* Exercise details
Shown below are entries with pictures; the line with "New Mobile Design" through the line with "A Fairytale Forest" is the span to retype exactly, and the pictures stay out.

* Data to process
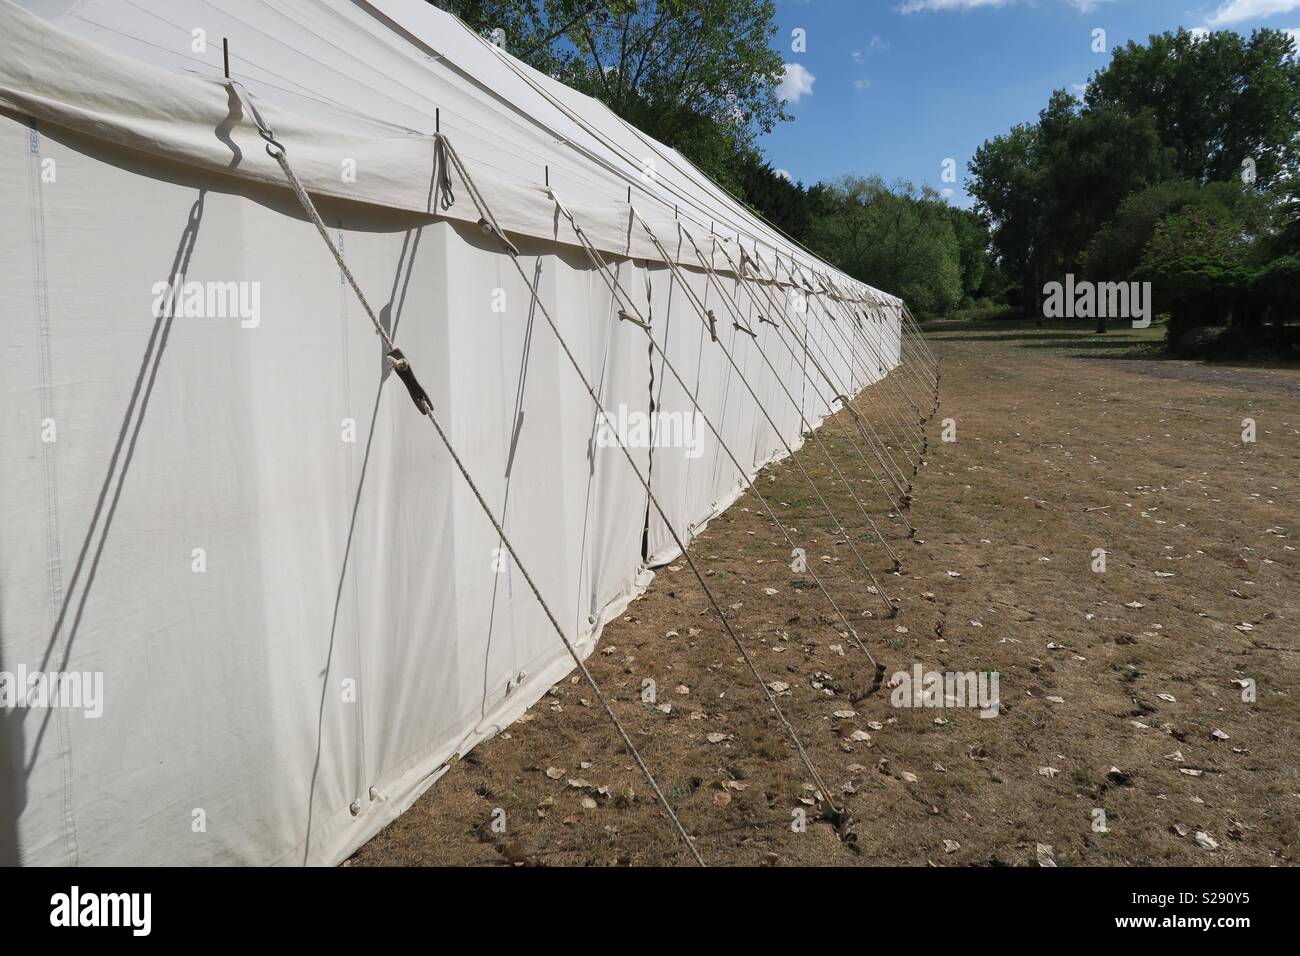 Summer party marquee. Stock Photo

...

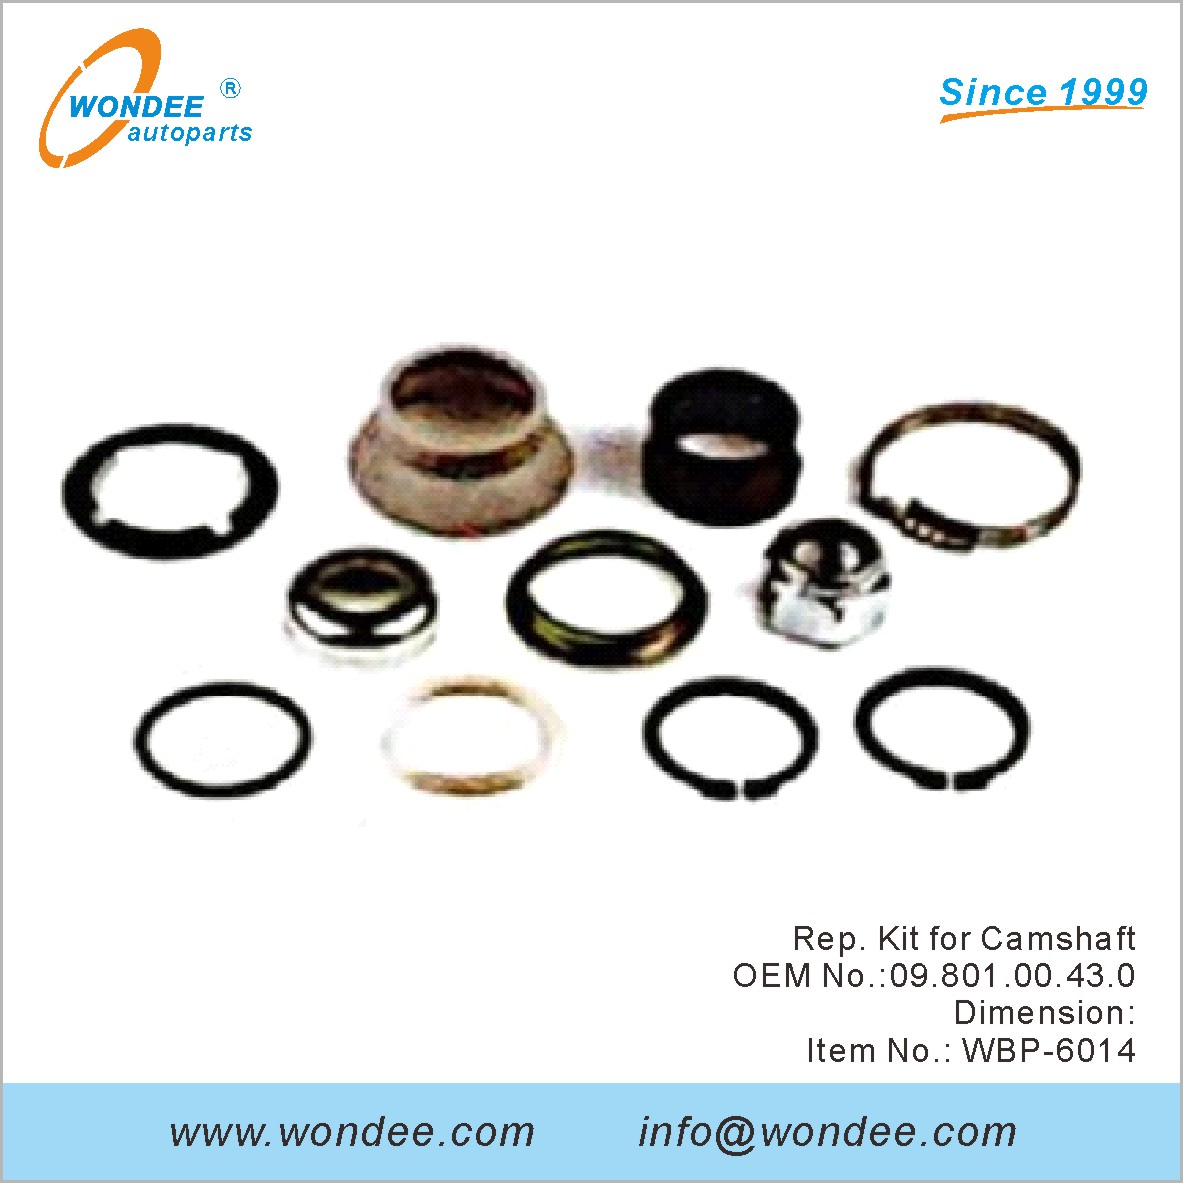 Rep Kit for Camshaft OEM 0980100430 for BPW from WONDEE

--

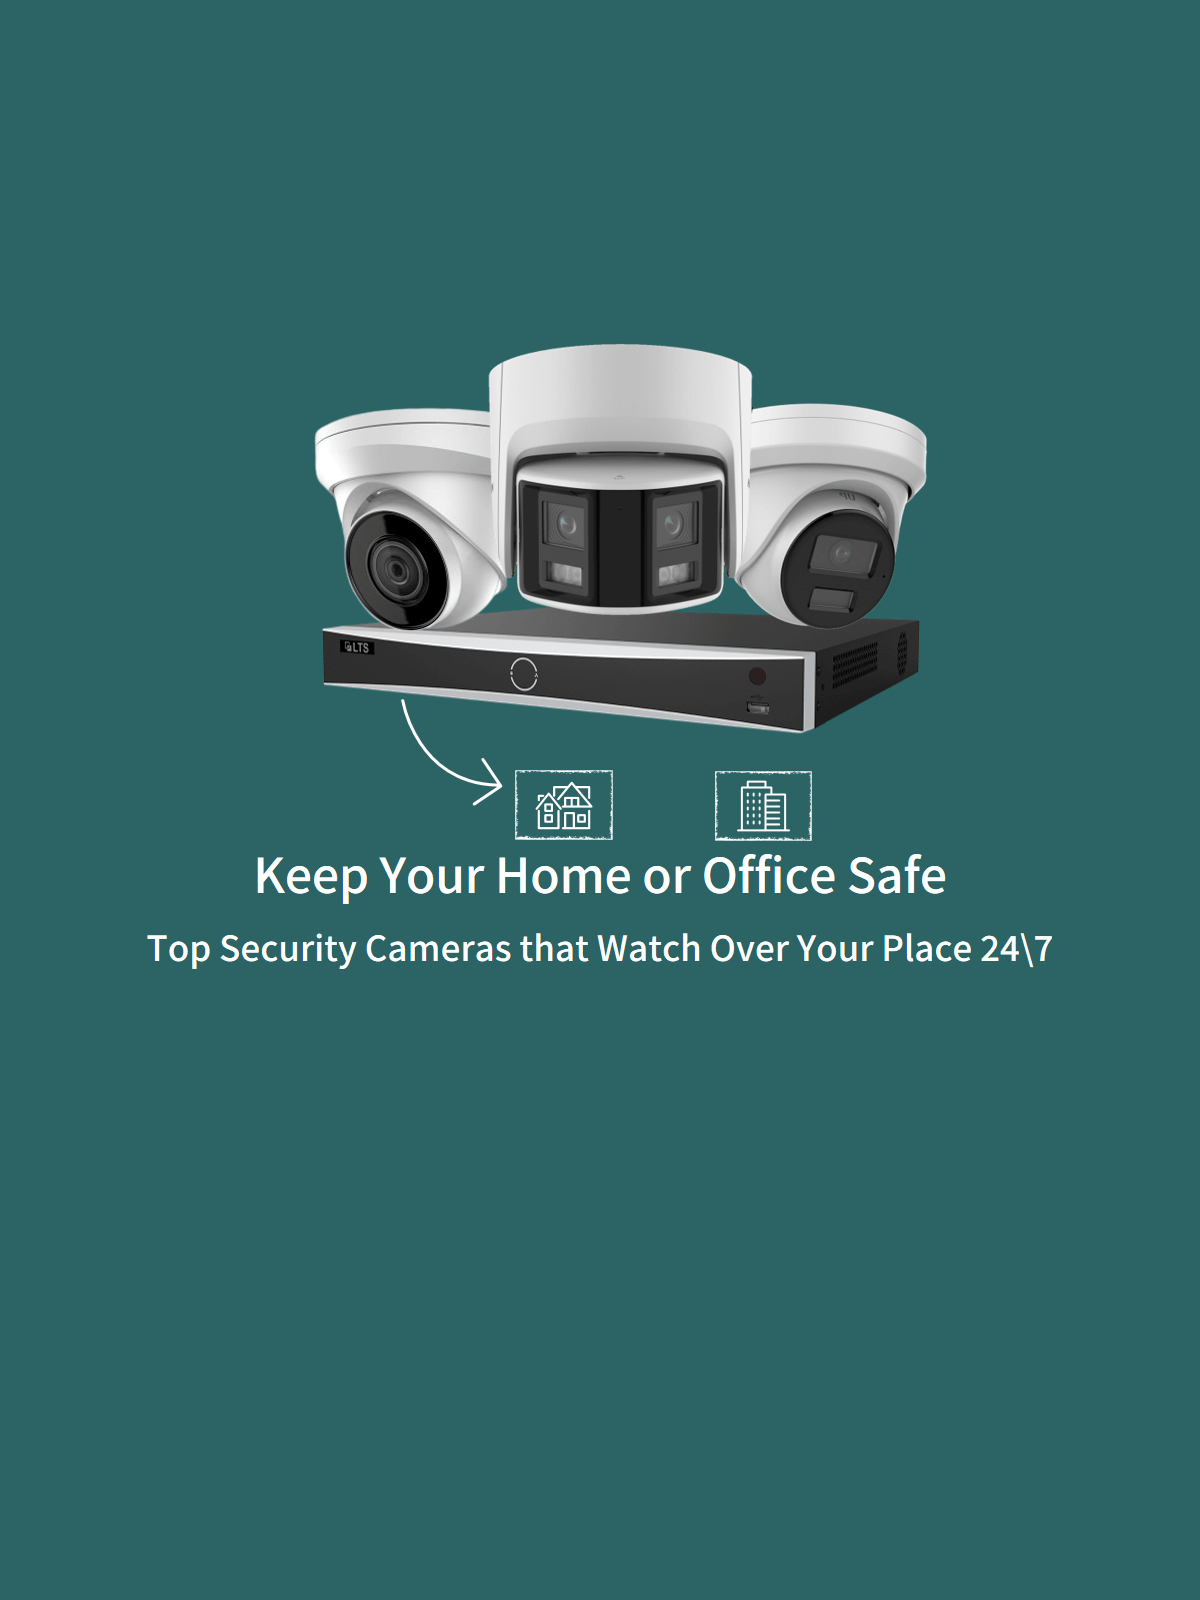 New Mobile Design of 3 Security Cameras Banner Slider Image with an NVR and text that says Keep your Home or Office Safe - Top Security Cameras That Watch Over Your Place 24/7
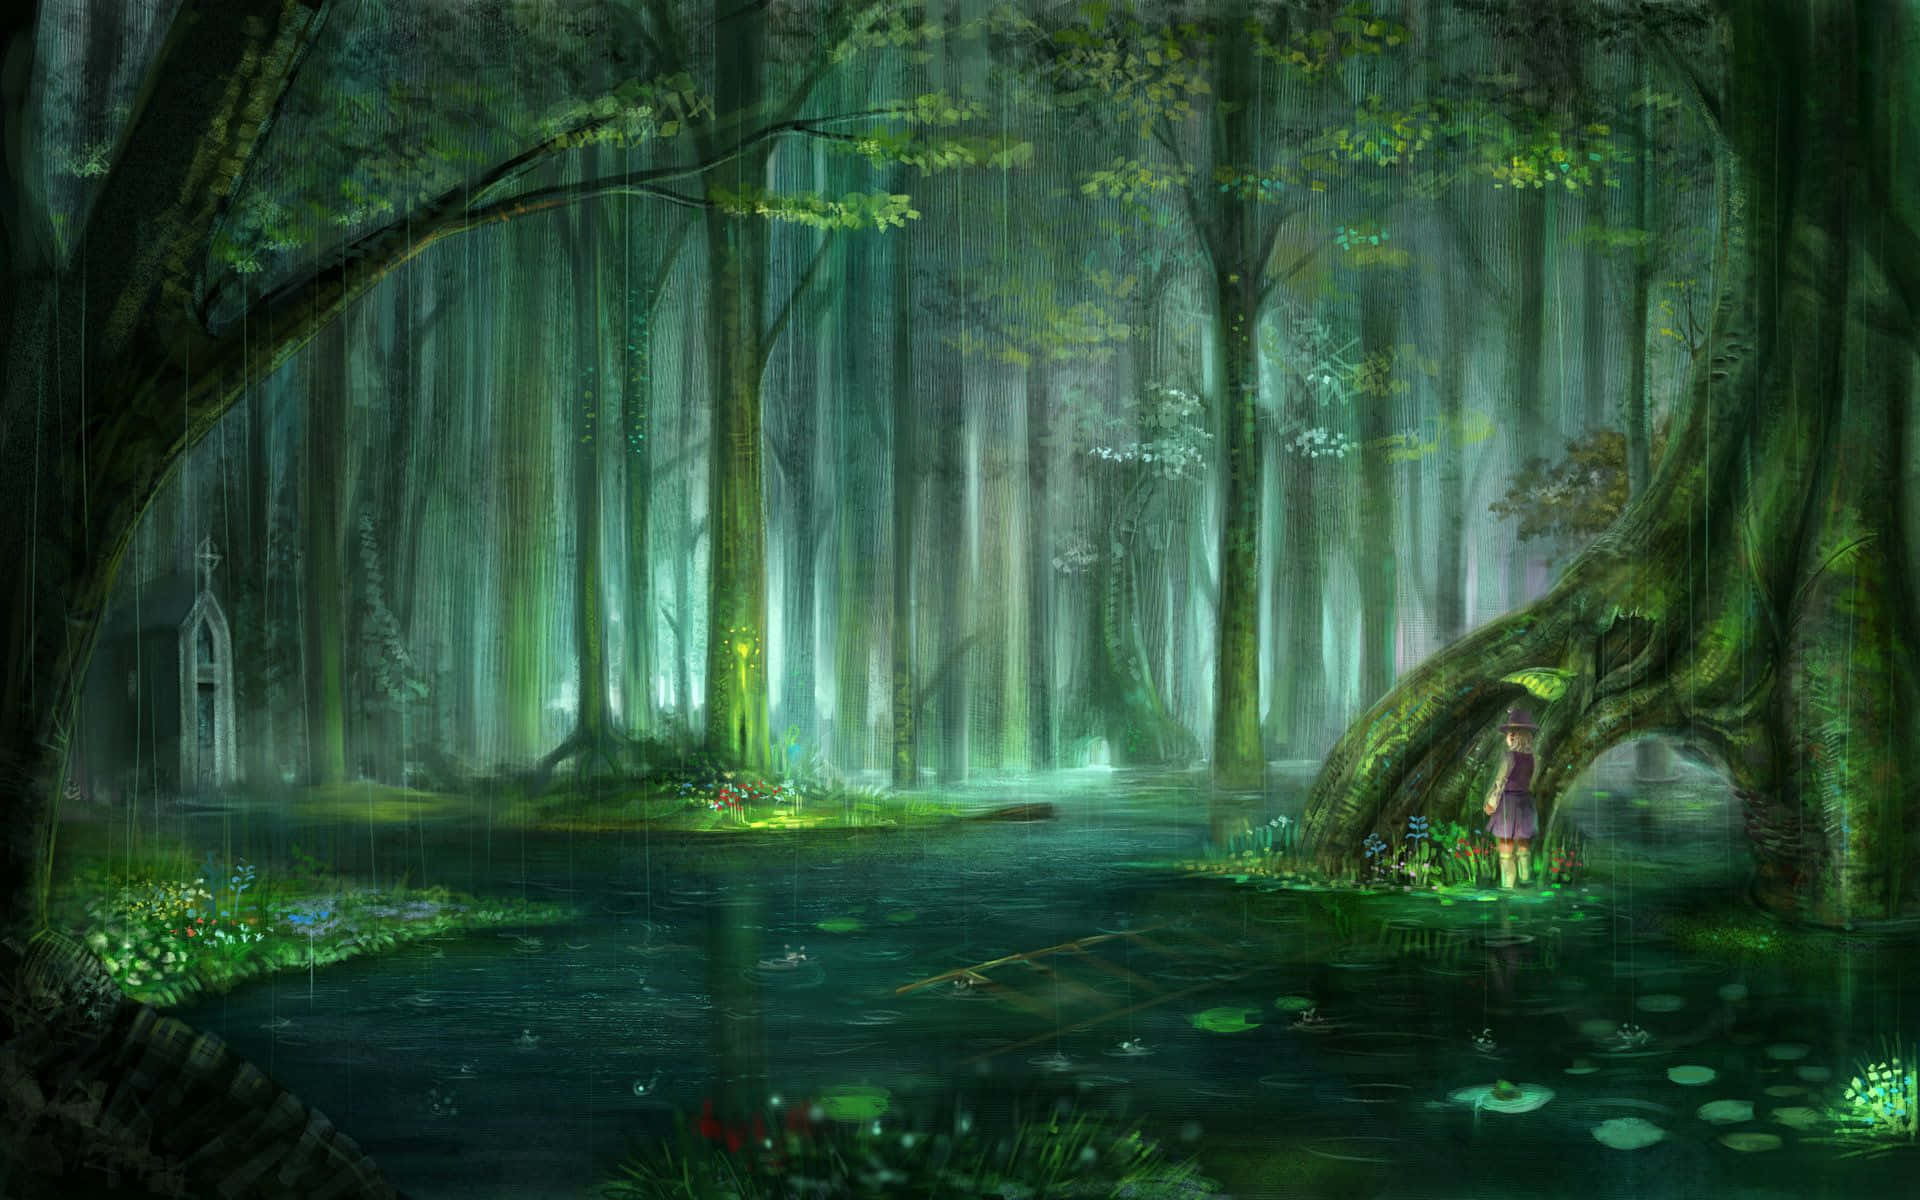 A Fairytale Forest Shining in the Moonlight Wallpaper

* Output for this task
 New Mobile Design of 3 Security Cameras Banner Slider Image with an NVR and text that says Keep your Home or Office Safe - Top Security Cameras That Watch Over Your Place 24/7
 A Fairytale Forest Shining in the Moonlight Wallpaper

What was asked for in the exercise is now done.